HamBSD Development Log 2020-05-08

· hambsd journal aprs openbsd ax25

I worked on HamBSD today, still looking at improvements to aprsisd(8). My focus today was on documentation, tests and tidying up. It’s good to keep technical debt in check and while no new big exciting features got made today on anything, lots of hard work was done.

I started the day on documentation, adding details on the new -b flag for aprsisd and details on which packets will be sent to APRS-IS. I also added a reference to the APRS-IS specifications to both the aprsisd(8) and the aprsis-filter(7) man pages.

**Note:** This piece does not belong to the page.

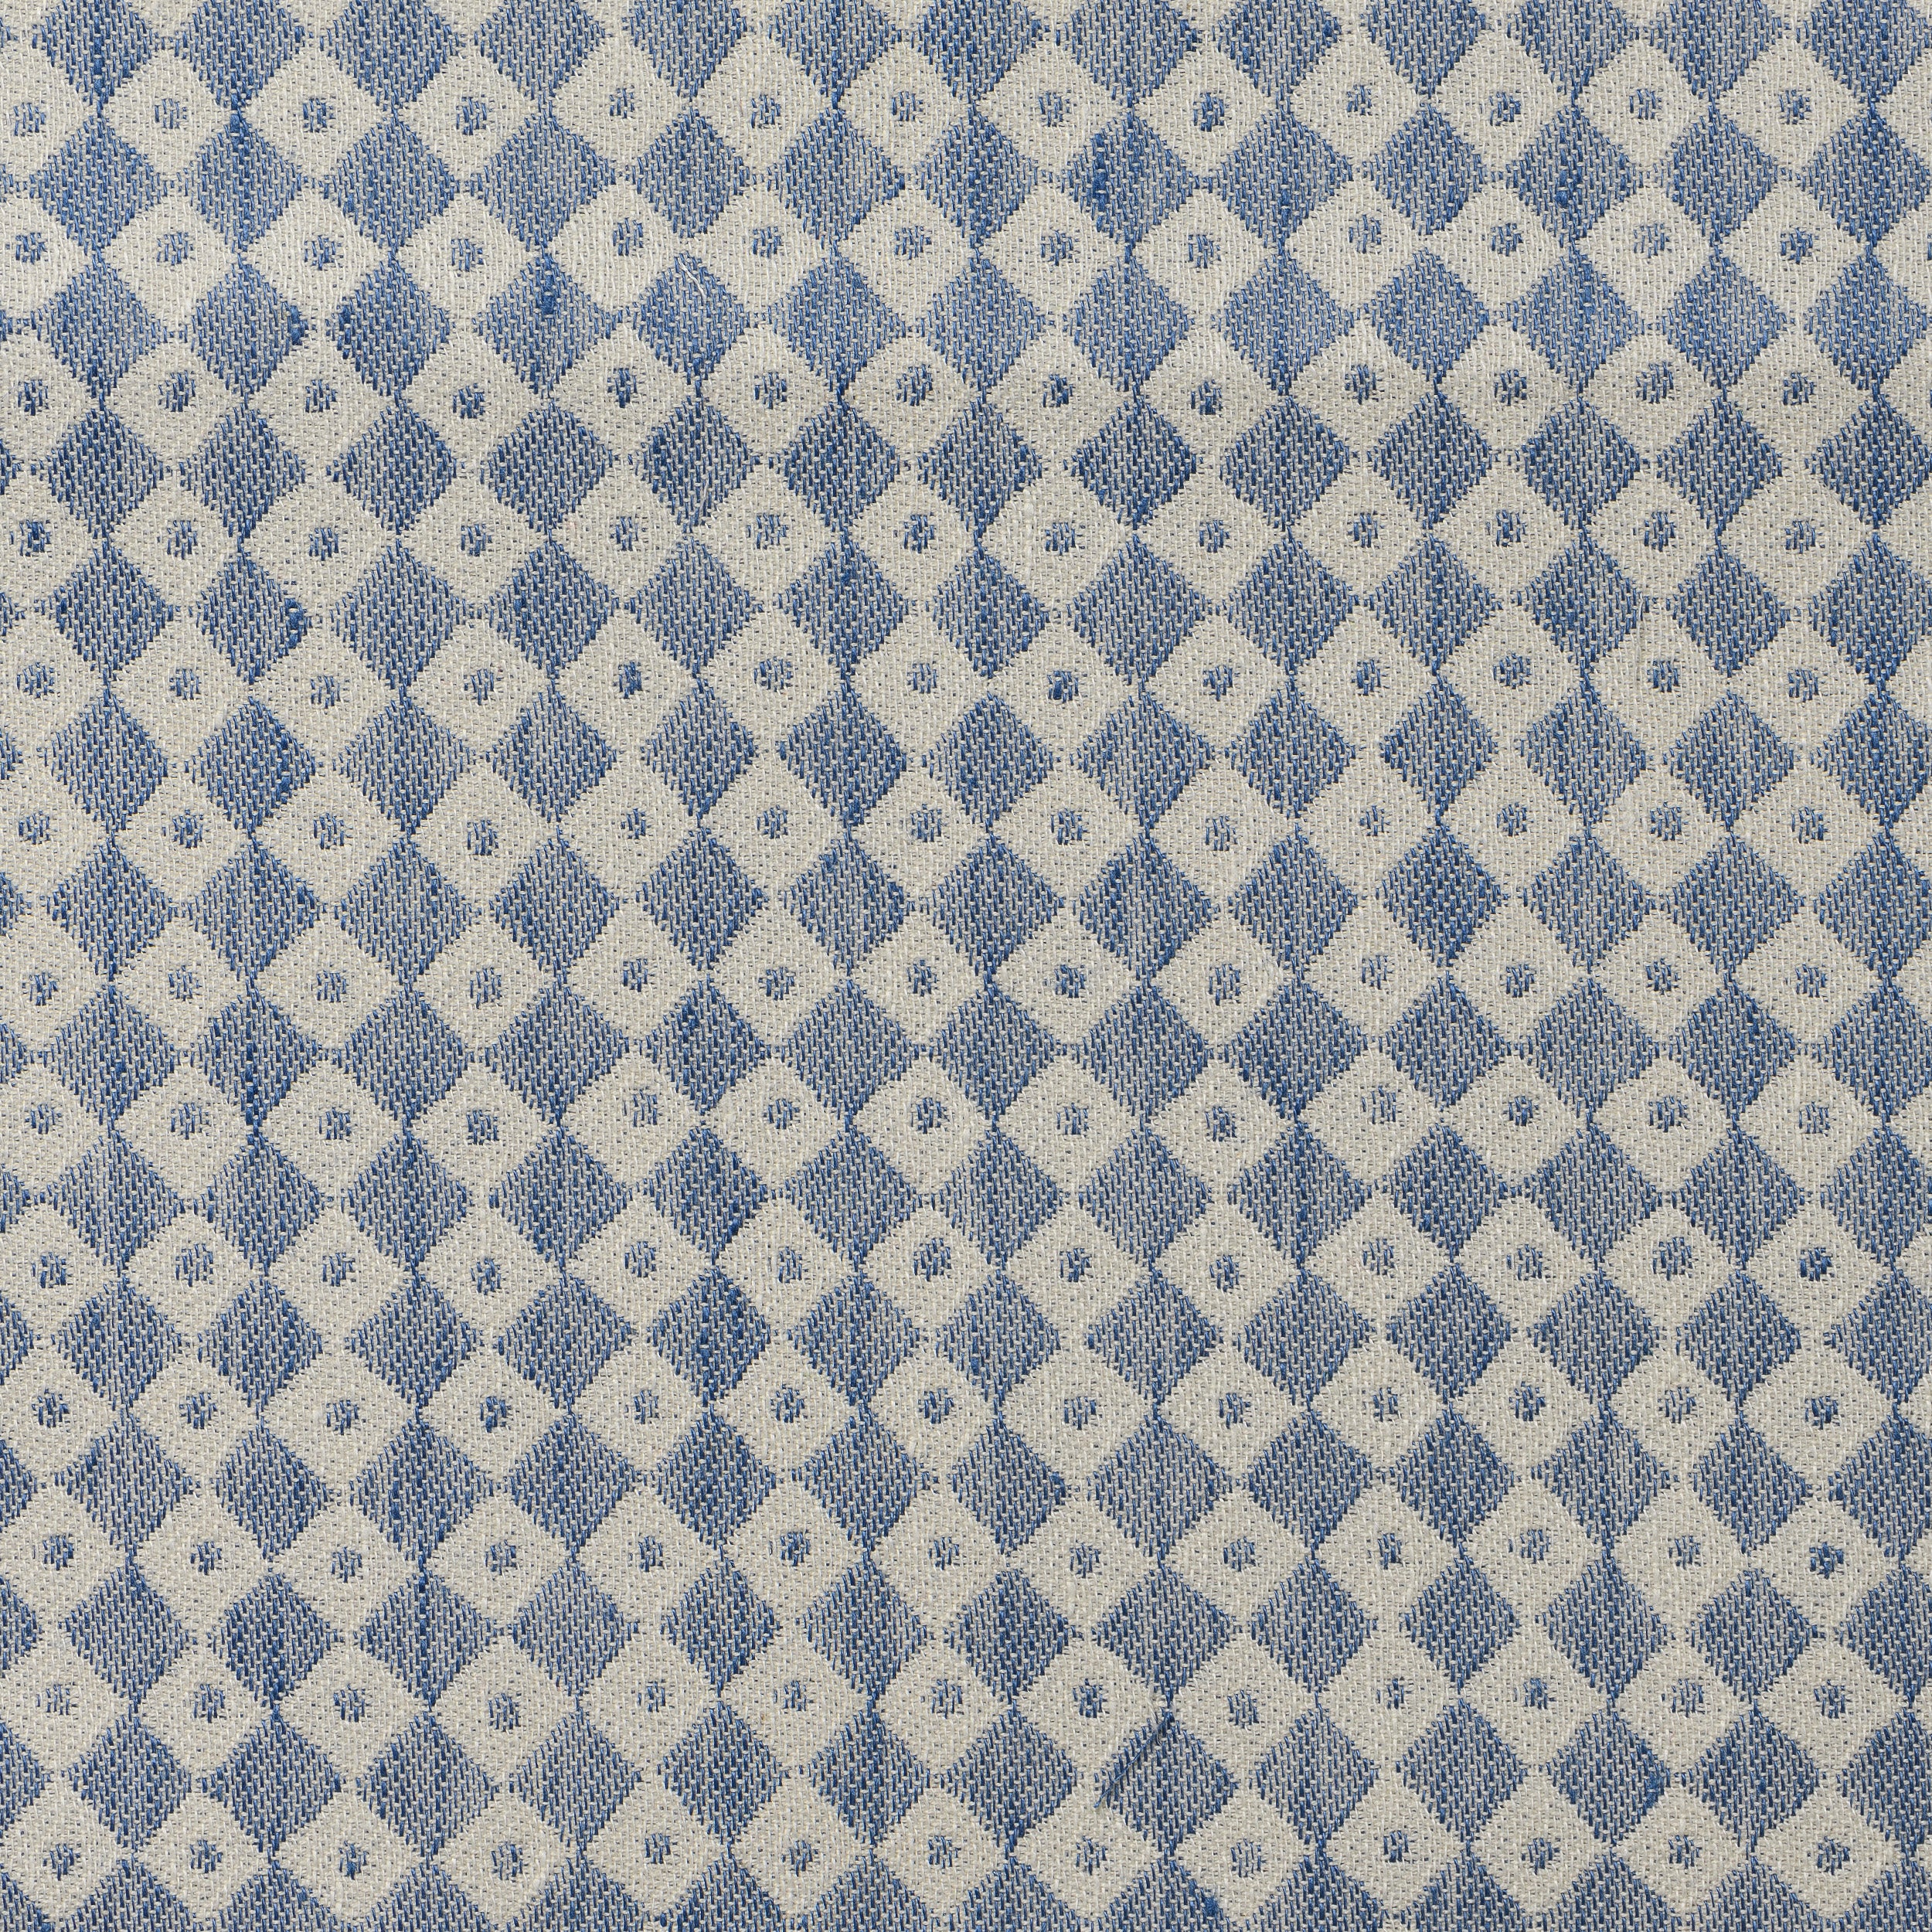 Joy of Print X Tori Murphy Chequerboard Linen Blend Fabric Indigo

I’ve added a few more unit tests to test the generation of the TNC2 format packets from AX.25 packets to upload to APRS-IS. One of these covers an interesting case, where a carriage return or line feed is present in the information field of an APRS packet.

This could lead to an “injection attack” if the payload of the packet is copied verbatim to the server, each of these characters are interpreted as packet delimiters and it would be possible to send packets bypassing checks or to send in-band commands (such as filter) via RF.

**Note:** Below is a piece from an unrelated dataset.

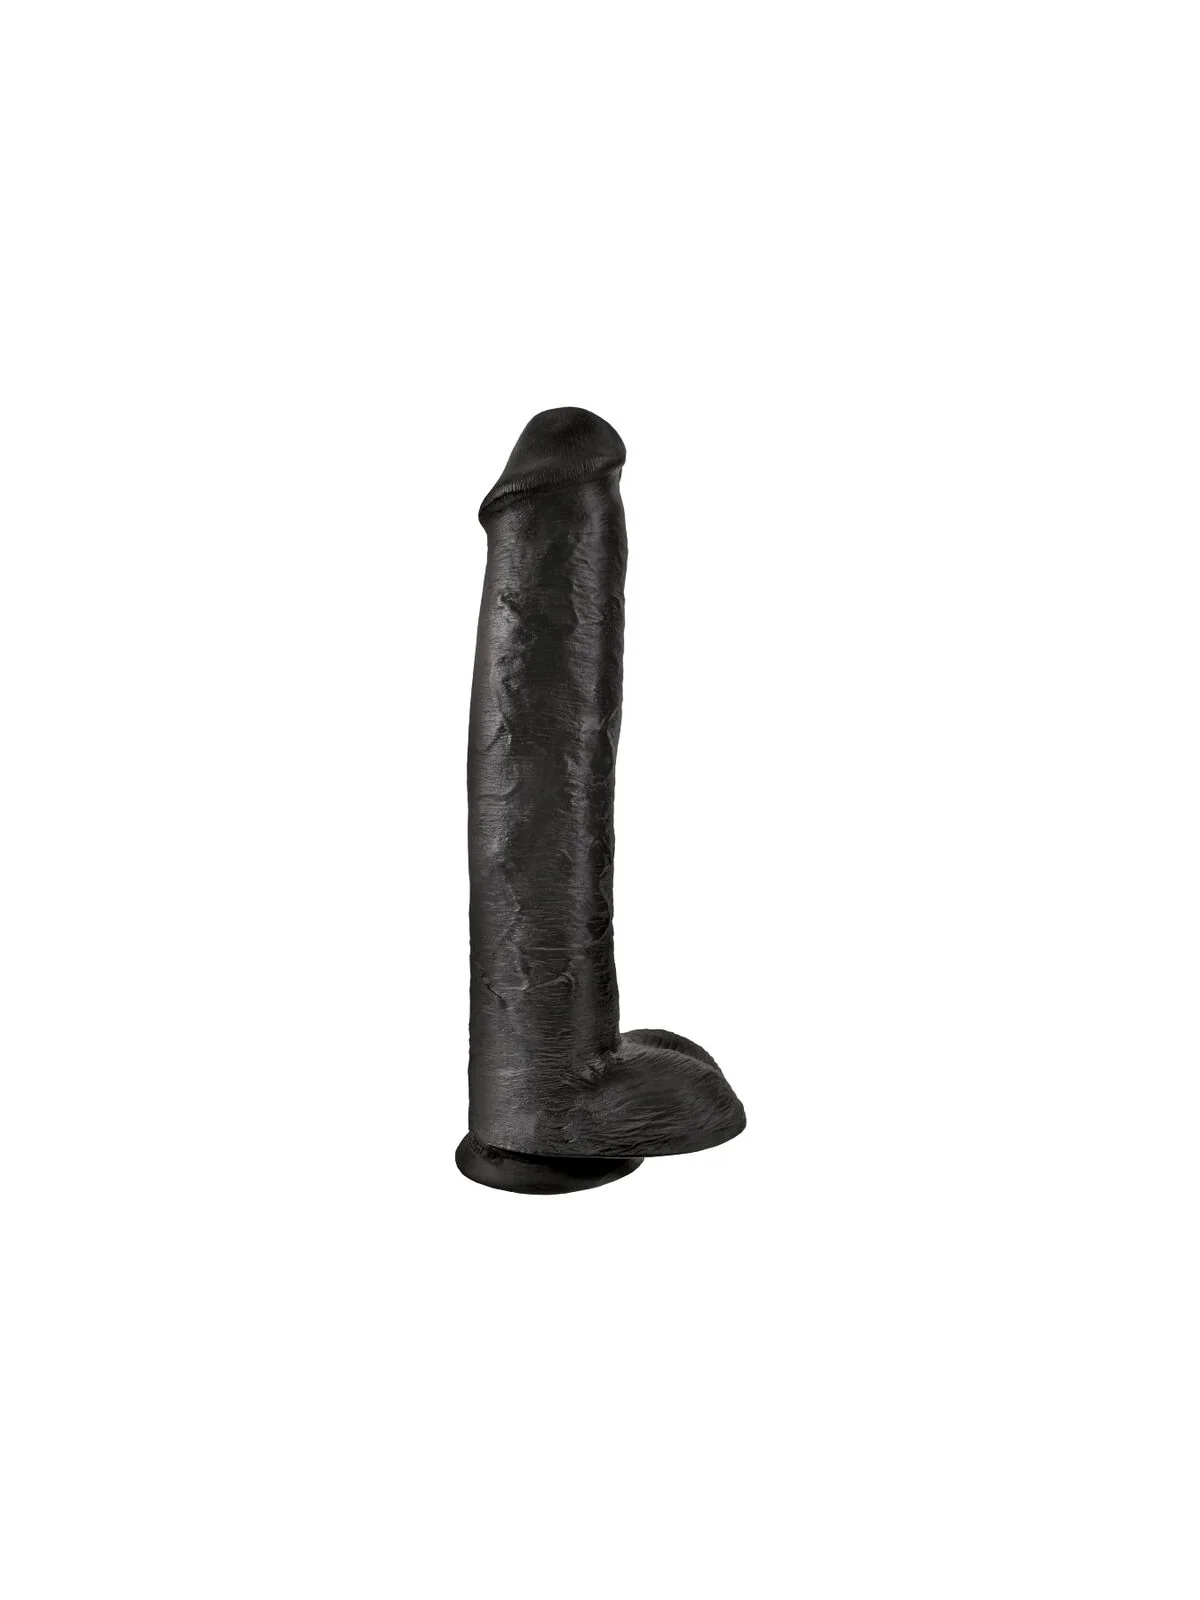 King Cock - Realistischer Penis mit Eier 34,2 Cm Schwarz von King Cock

I tested both Dire Wolf and Xastir, both are immune to this attack. I posted to the tapr-aprssig mailing list. It turns out that YAAC may be affected by this issue.

John Langner WB2OSZ commented on the thread to say that the approach that Dire Wolf takes is to truncate the packet at the first carriage return or line feed character, so I’ve implemented this in aprsisd before any checks are carried out on the information part.

I’ve learned from looking at YAAC that it also implements TLS for APRS-IS and so that brings the number of other clients I know about to two: APRSdroid and YAAC. I also managed to find in its source code the root CA certificate for the APRS tier 2 servers and have included this in the HamPKI certificate bundle.

Bad news is that it uses SHA-1 as a signature scheme and while this meant I can now enable certificate validation, neither server has ssl.aprs2.net in its certificate so the name can’t be validated and one of the servers still has an expired certificate. Progress is still progress.

Another test case looks at third-party traffic with TCPIP in the third-party header, and this will now be correctly dropped.

I’m not going to list any next steps in this post, because I think now I need to do a review of what has been done and where effort needs to go next. The next steps are going to be working out what the next steps are.